# Talk me down, ladies...nausea at 14dpo?



## RedOakMomma (Sep 30, 2004)

Did any of you have nausea at 14dpo? I'm refusing to fall into the mindgame/rollercoaster of taking a test before my period is due, but this nausea is totally freaking me out!









In my other pregnancies (all boys) I didn't have nausea until 5-6 weeks or so. But when we DTD, and when I ovulated (days apart), IF I'm pregnant this could very well be a girl. It wouldn't be an unwanted pregnancy by any means, but it certainly would be unplanned. I haven't thrown up, but I constantly have that nervous/dizzy stomach feeling that reminds me so much of being pregnant. I'm not sick. If there's any other explanation, I guess it could be the weirdest case of PMS...can you get nausea with PMS?

I know I just need to calm down and eat some crackers. 14dpo is WAY, WAY too early for nausea, right? Right?


----------



## mags (May 4, 2004)

Yes, it's totally possible.
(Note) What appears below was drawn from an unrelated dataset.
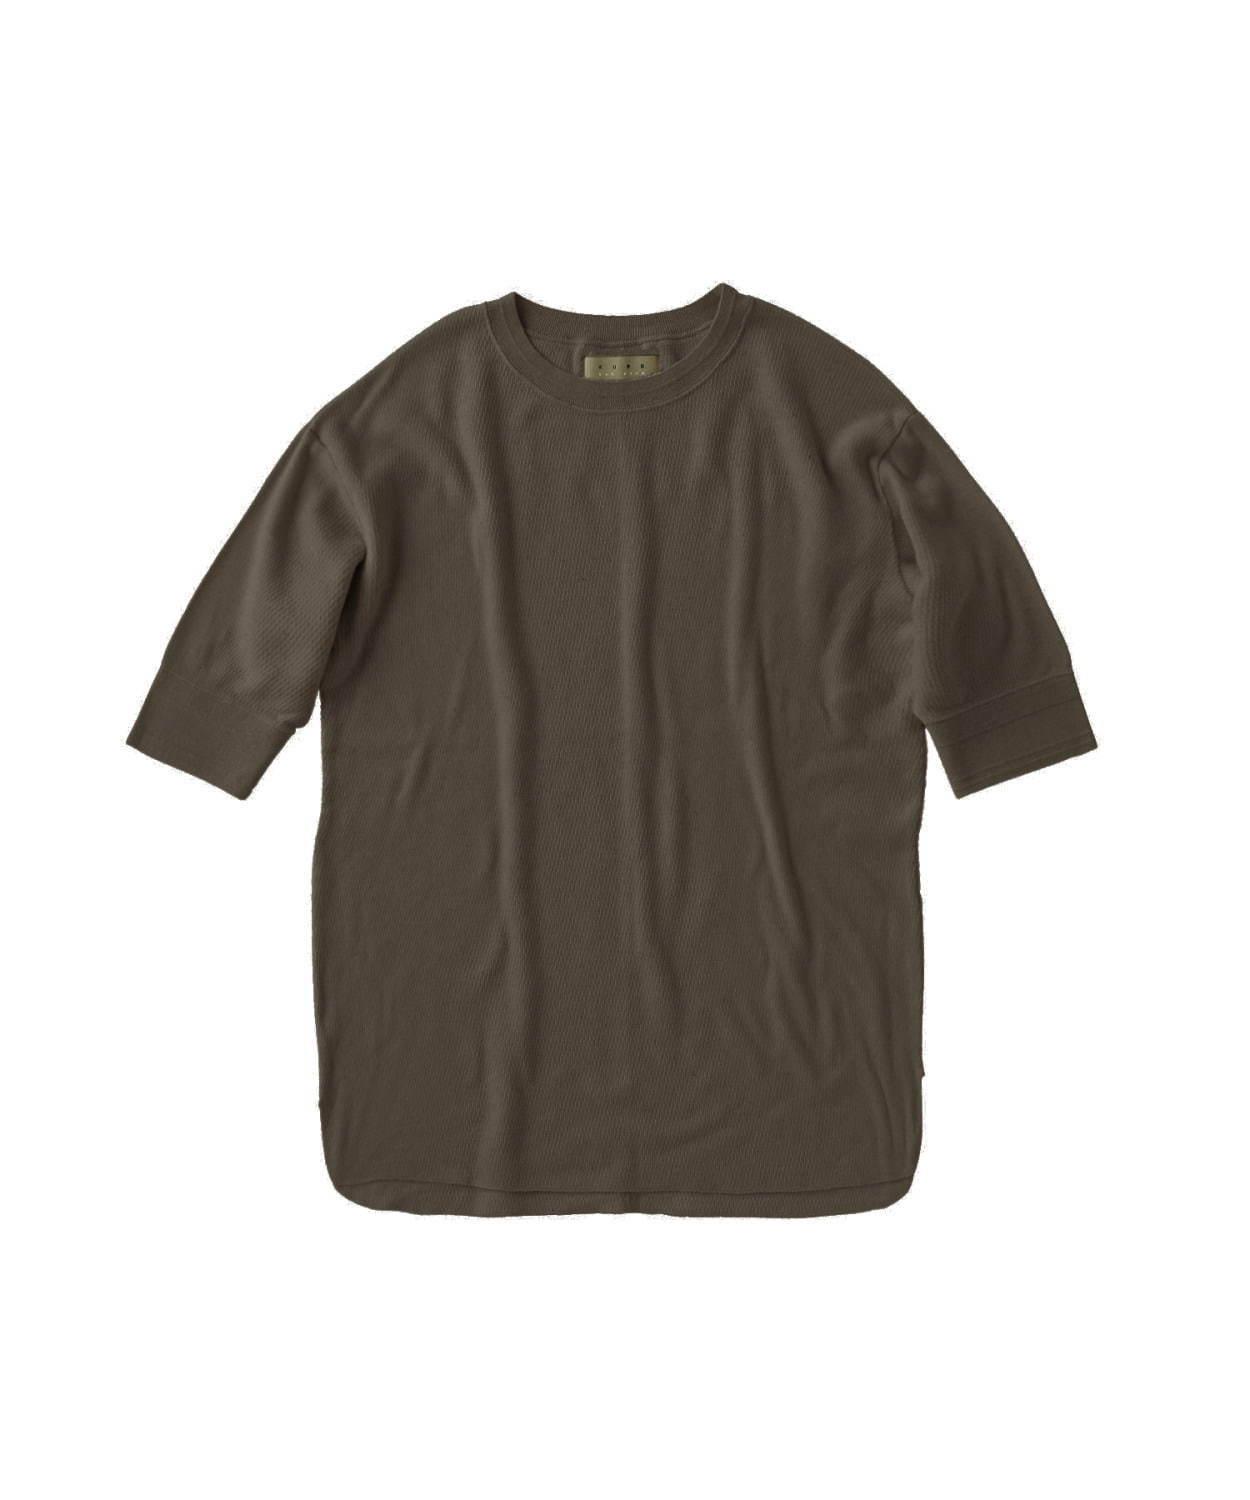  KURO“リメイク”デニムジャケットやパンツ、オーガニックコットンのシャツやワンピースも コピー

In fact, one of the reasons I suspected I was pregnant was b/c I started having nausea, along with severe exhaustion and I got a UTI (which I rarely get unless I am pregnant, in fact, when I went to the doctor for the UTI, they did a hpt and it was negative, but a wk later I tasted hpt at home and got a +, I was glad I insisted they prescribe me an antibiotic safe for pregnancy). Usually for me, the nausea doesn't kick in big time until around wk 8, but with my current pregnancy, it kicked in before I knew I was pregnant.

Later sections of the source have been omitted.